Do most people boost the znode size? Am I simply being too ambitious with
the number of features I'm using?

ZooKeeper lists boosting znode size under "unsafe operations," but I don't
know how big a deal this is.

(From http://zookeeper.apache.org/doc/r3.1.2/zookeeperAdmin.html)

*(Java system property: jute.maxbuffer)

This option can only be set as a Java system property. There is no
zookeeper prefix on it. It specifies the maximum size of the data that can
be stored in a znode. The default is 0xfffff, or just under 1M. If this
option is changed, the system property must be set on all servers and
clients otherwise problems will arise. This is really a sanity check.
ZooKeeper is designed to store data on the order of kilobytes in size.*

Any help would be much appreciated, thanks!

Brandon Root

Re: Deploying a classification model using zookeeper

Posted by Ted Dunning <te...@gmail.com>.
It isn't a big deal to increase the Znode size, but it is bad practice.  ZK
isn't a file store.  It is a coordination server.  The size limit is
intended to prevent large operations slowing down other operations.  If you
aren't sharing your ZK or your neighbors don't have response time
expectations, bumping the size is fine.

Keep in mind also that the ALR seems to lock down the learning rate too
quickly for many problems.  I haven't had time to investigate, but it is a
good idea to treat ALR models with some caution.  They shouldn't be crazy
off-base, but just are likely to be less converged than is desirable.
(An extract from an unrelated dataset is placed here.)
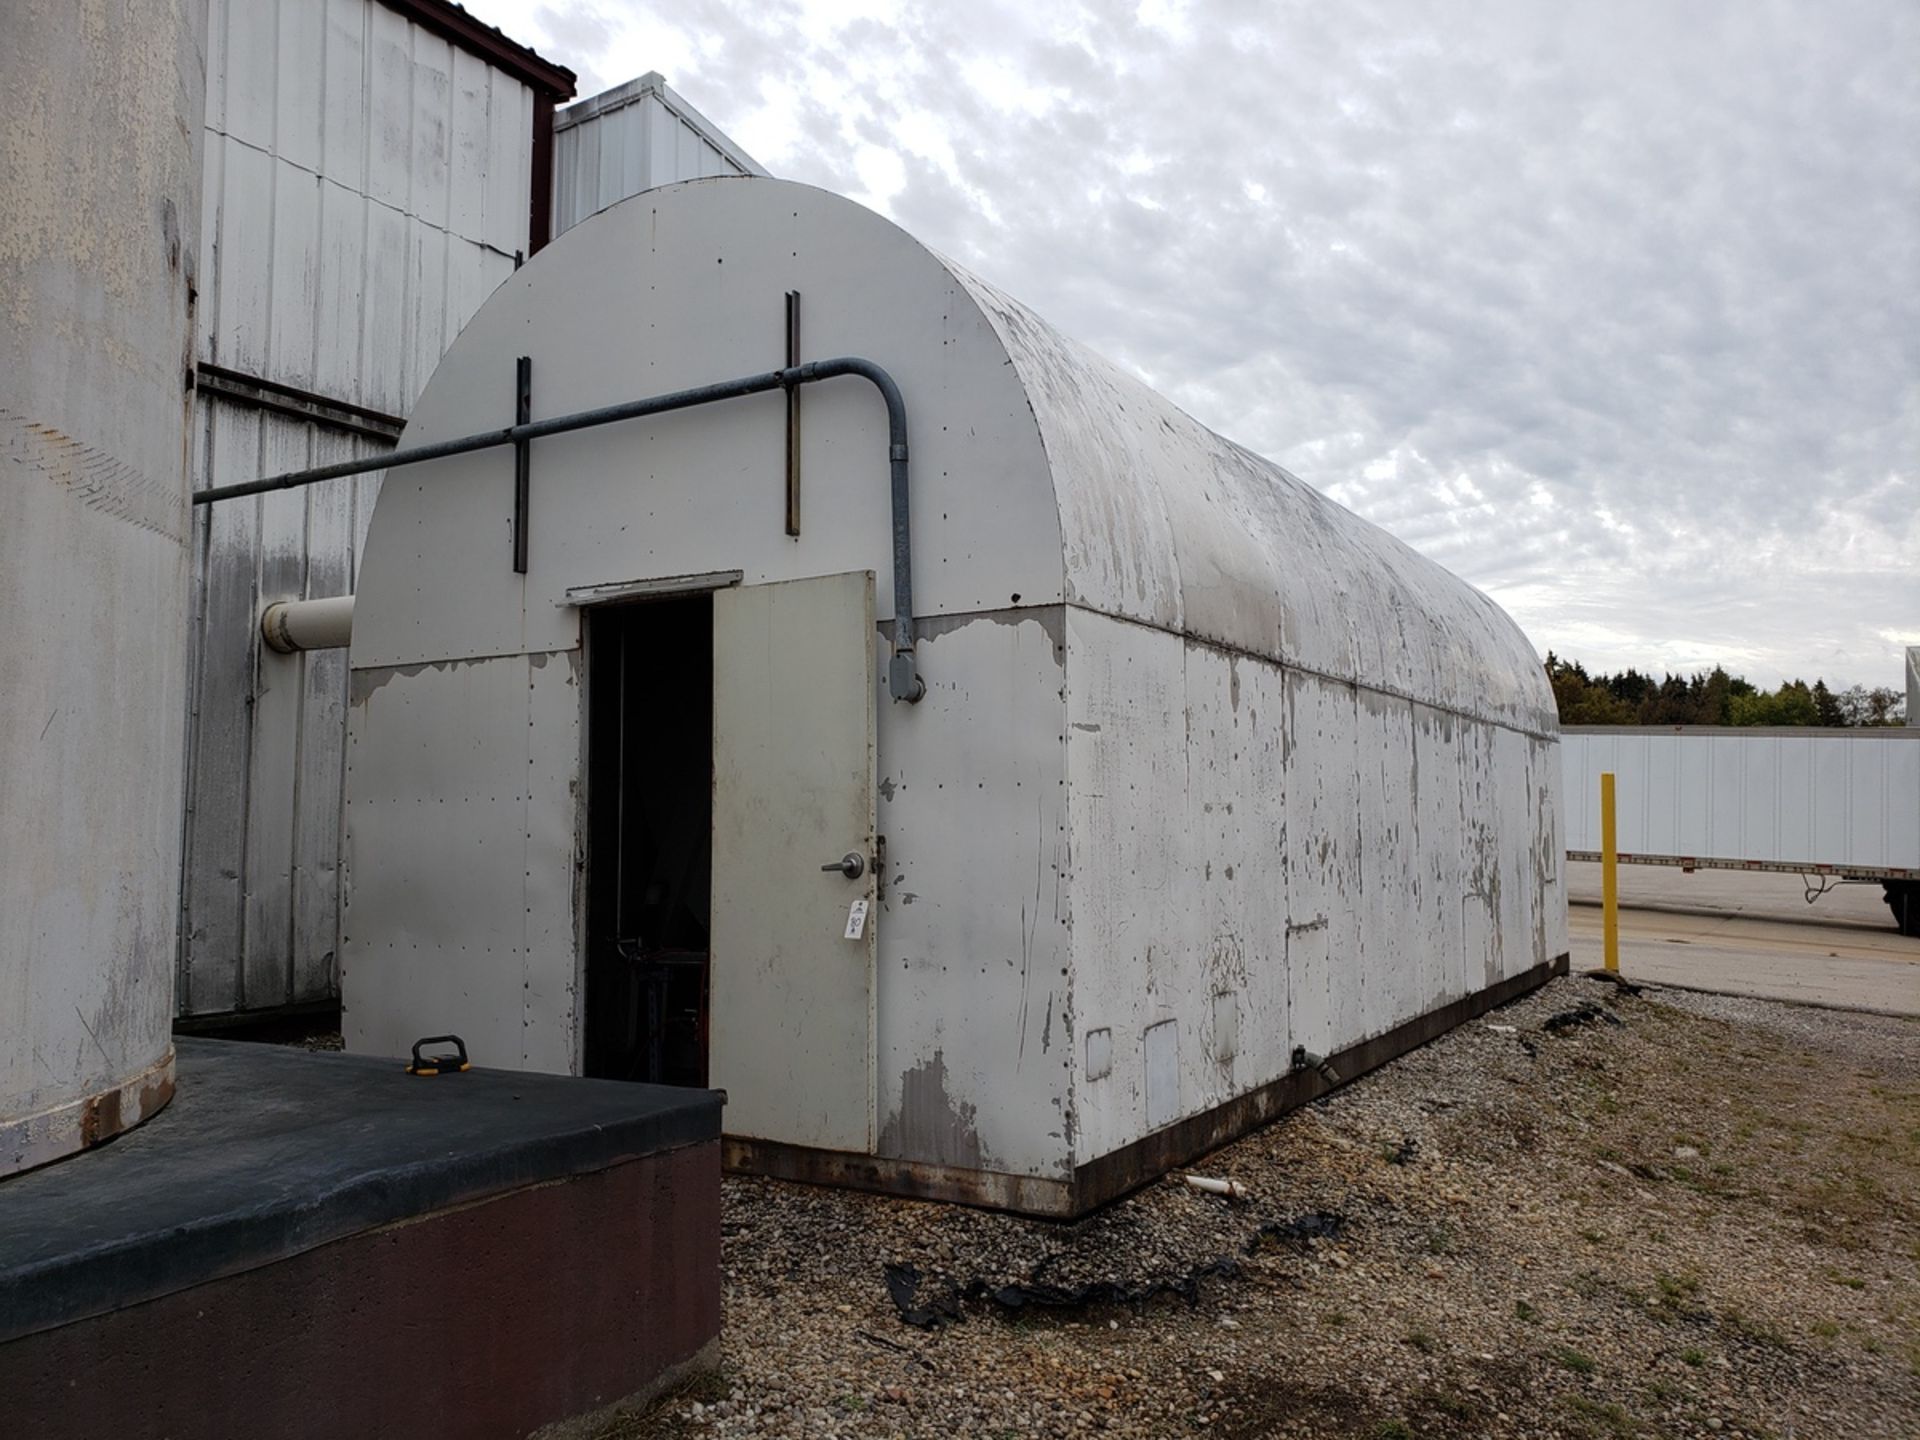 20,000 Gallon Horizontal Stainless Steel Storage Tank, W/ Pumps & Strainers | Rig Fee: $3500

On Tue, Aug 28, 2012 at 5:41 PM, Brandon Root <br...@gmail.com> wrote:

> Hey! First off, Mahout is pretty much the bee's knees.
>
> Anyhoo, I'm deploying my mahout classifier using zookeeper, following the
> technique from Mahout in Action, but my models often exceed the 1M limit
> zookeeper wants you to stick to. I'm using the AdaptiveLogisticRegression
> algorithm, but I think I'm doing all the things I'm supposed to (only
> serializing the best model etc)
>
> Here is my code:
>
> ModelSerializer.writeBinary("/var/www/shared/model/products.model",
> learningAlgorithm.getBest().getPayload().getLearner().getModels().get(0));
>
> I feel like i'm missing something, most of my models are clocking in at
> something like 1.8m. The complete model is of course somewhere around 200m.
>
> Do most people boost the znode size? Am I simply being too ambitious with
> the number of features I'm using?
>
> ZooKeeper lists boosting znode size under "unsafe operations," but I don't
> know how big a deal this is.
>
> (From http://zookeeper.apache.org/doc/r3.1.2/zookeeperAdmin.html)
>
> *(Java system property: jute.maxbuffer)
>
> This option can only be set as a Java system property. There is no
> zookeeper prefix on it. It specifies the maximum size of the data that can
> be stored in a znode. The default is 0xfffff, or just under 1M. If this
> option is changed, the system property must be set on all servers and
> clients otherwise problems will arise. This is really a sanity check.
> ZooKeeper is designed to store data on the order of kilobytes in size.*
>
> Any help would be much appreciated, thanks!
>
> Brandon Root
>